### How to complete this task
Given these entries, repeat exactly the lines starting with the one that has "Women's 990V6 Sneakers" and going on through the one that has "International House รูปภาพ 1", both included, but none of the pictures.
Listed records below:
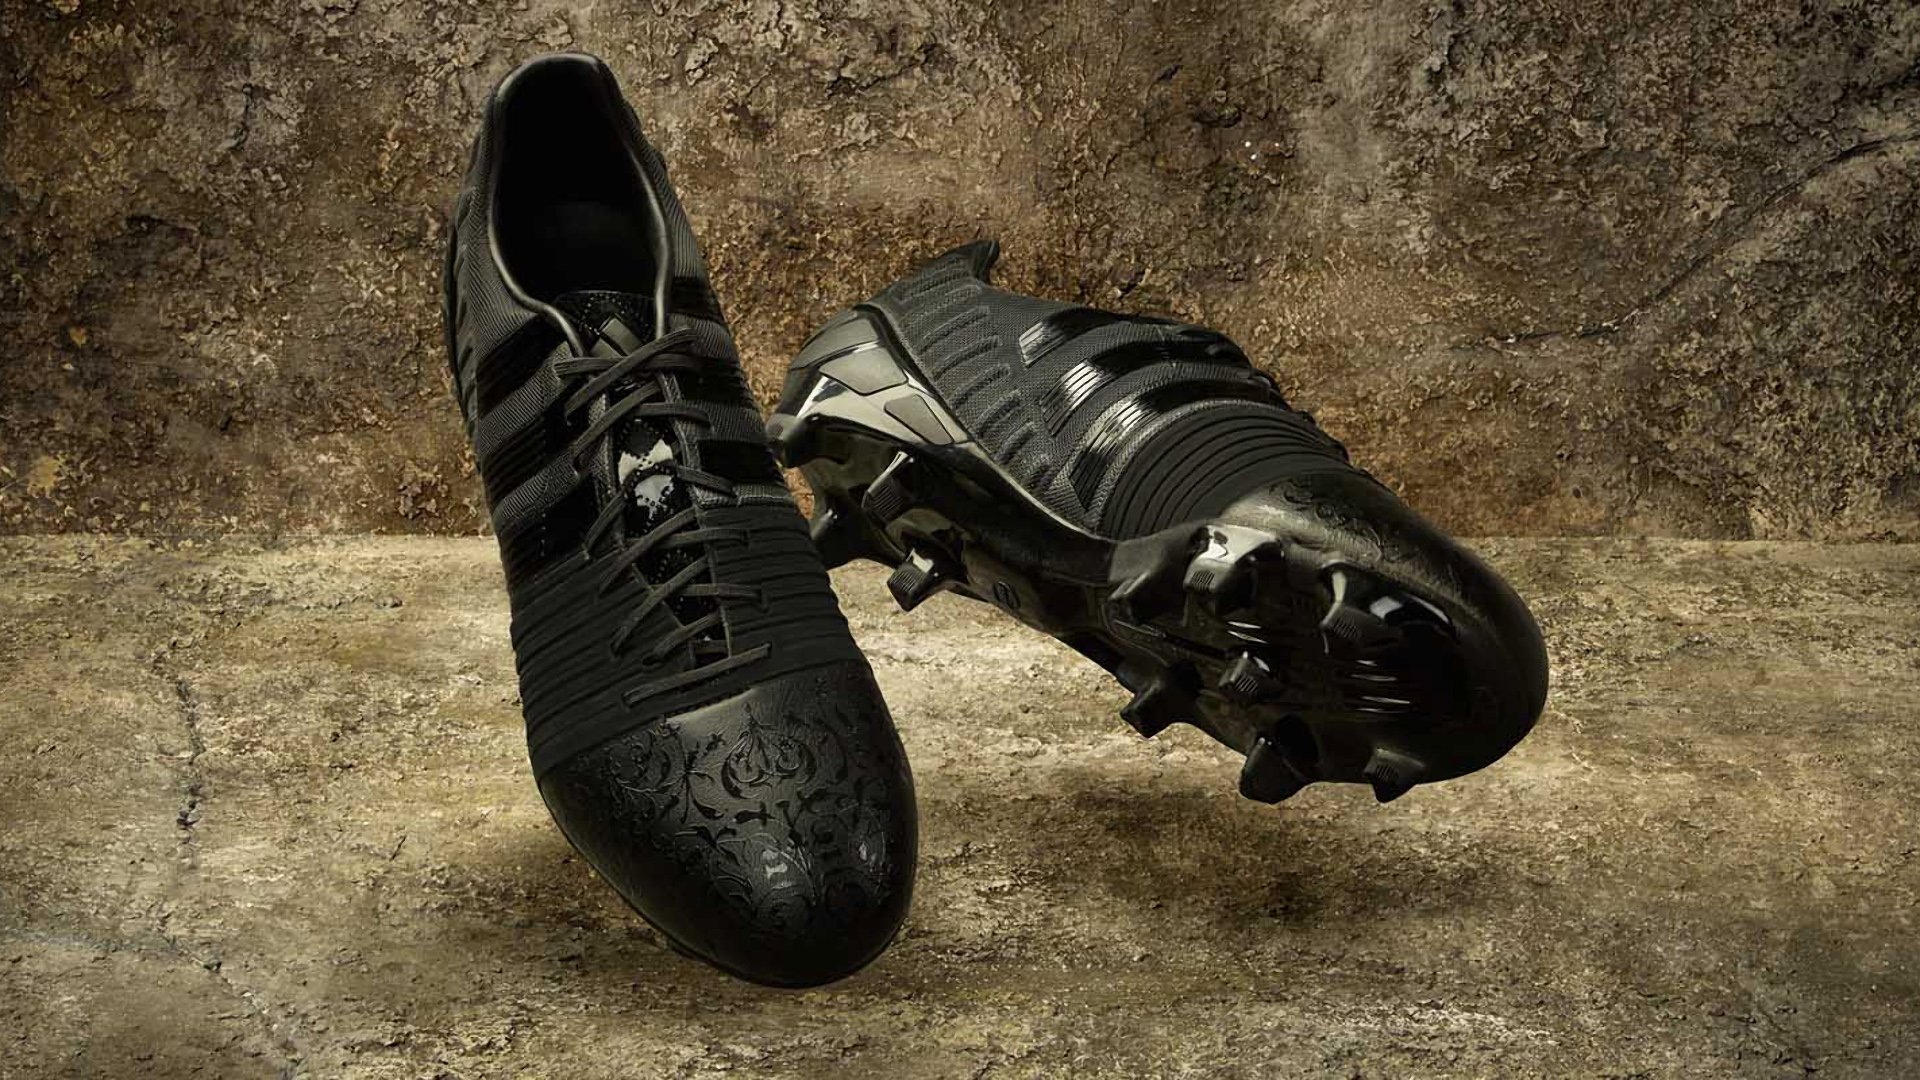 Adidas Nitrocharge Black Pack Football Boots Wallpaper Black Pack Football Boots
End of Listed records.
Listed records below:
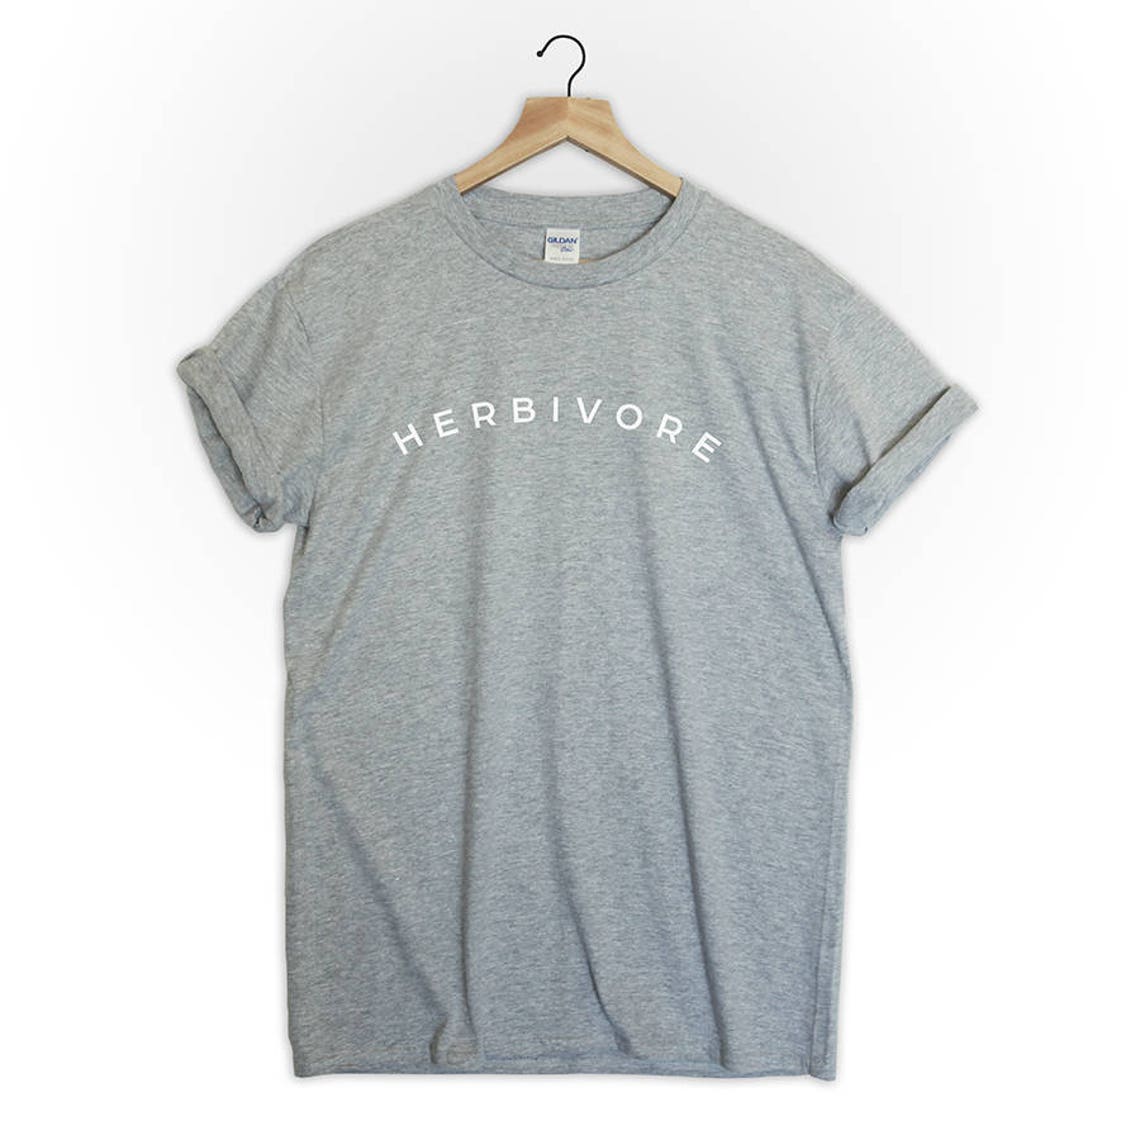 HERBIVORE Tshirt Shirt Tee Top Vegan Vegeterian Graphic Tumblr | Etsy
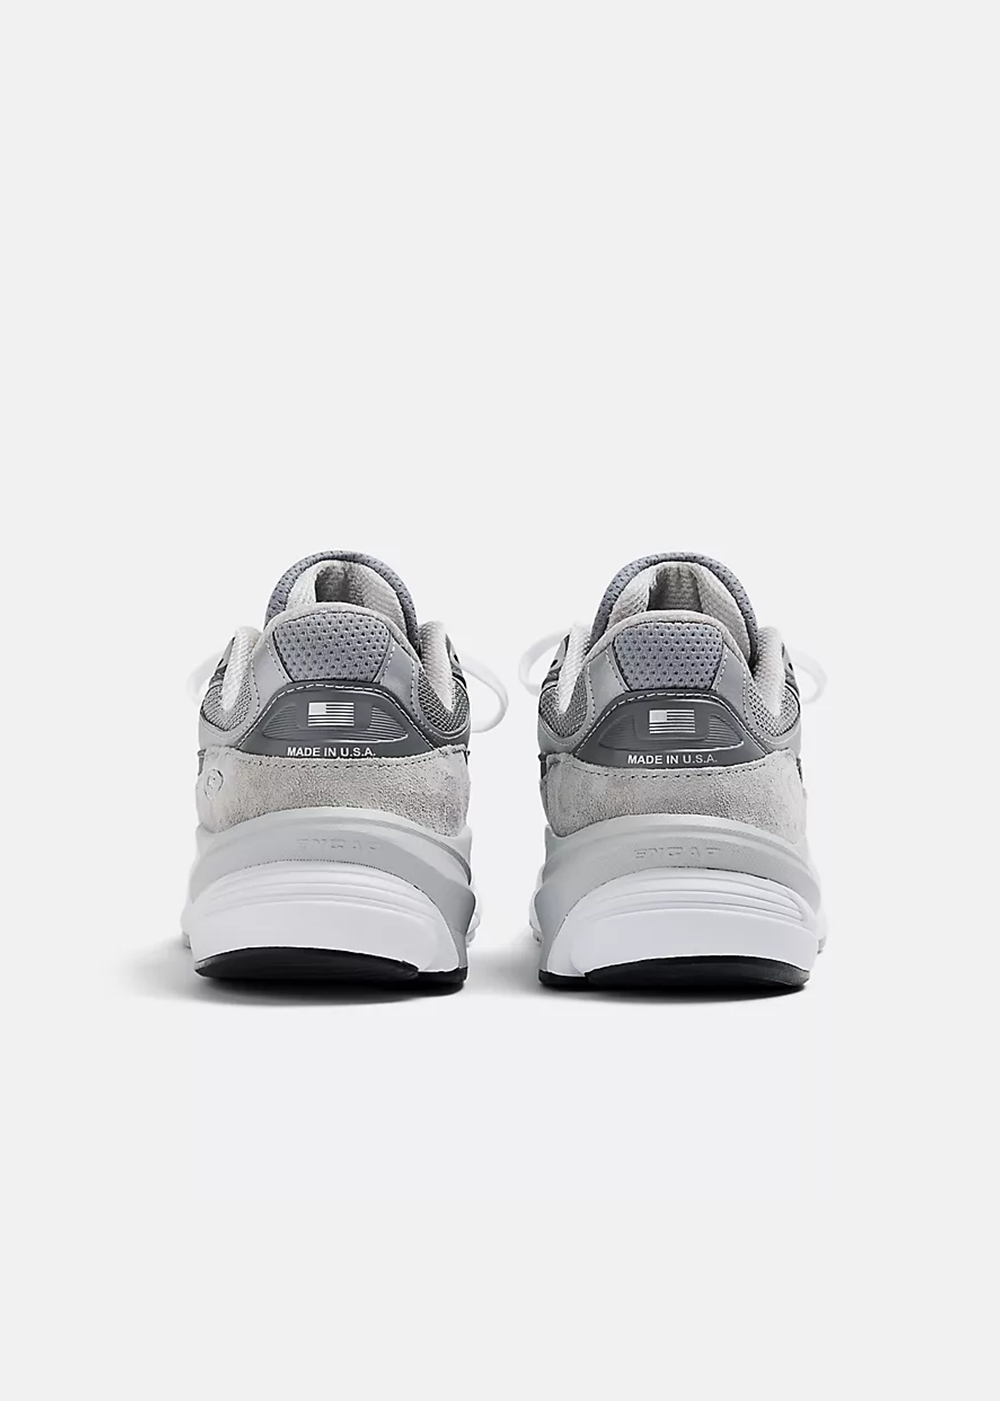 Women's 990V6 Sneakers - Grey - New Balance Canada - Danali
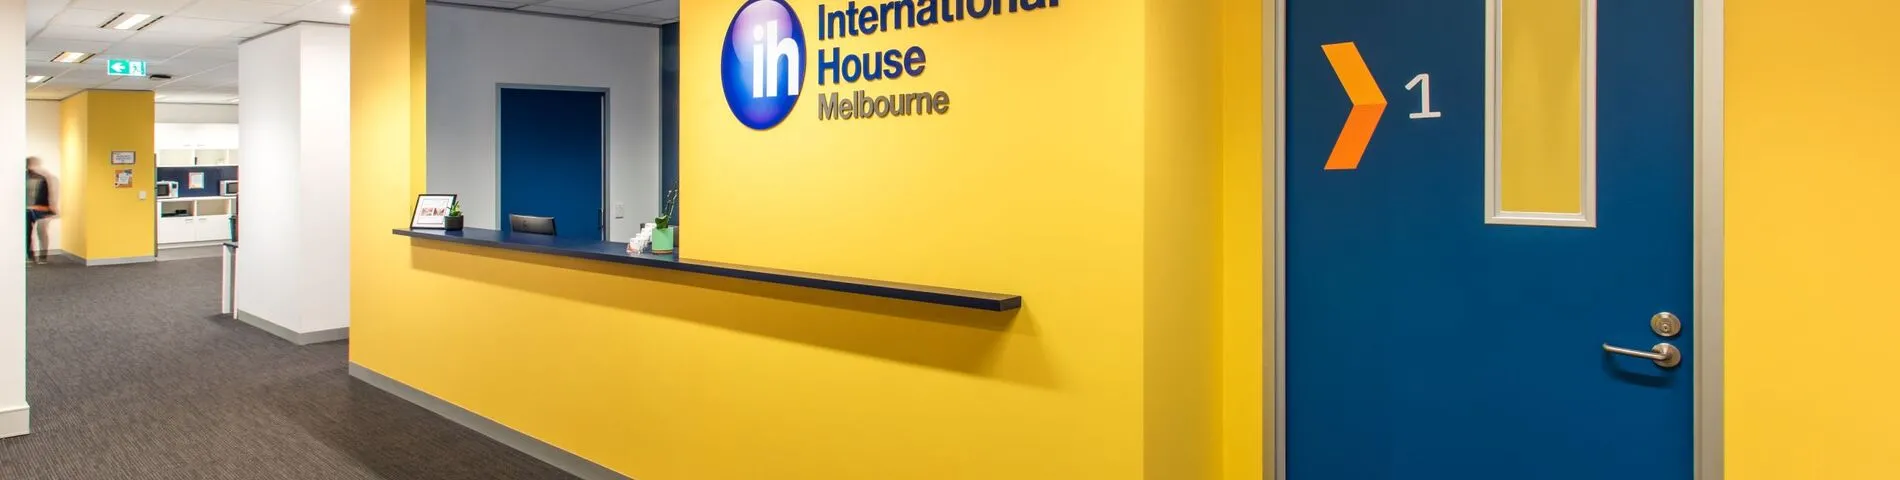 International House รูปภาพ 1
End of Listed records.
Listed records below:
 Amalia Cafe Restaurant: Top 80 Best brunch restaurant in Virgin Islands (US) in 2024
End of Listed records.
### Answer space
 Women's 990V6 Sneakers - Grey - New Balance Canada - Danali
 International House รูปภาพ 1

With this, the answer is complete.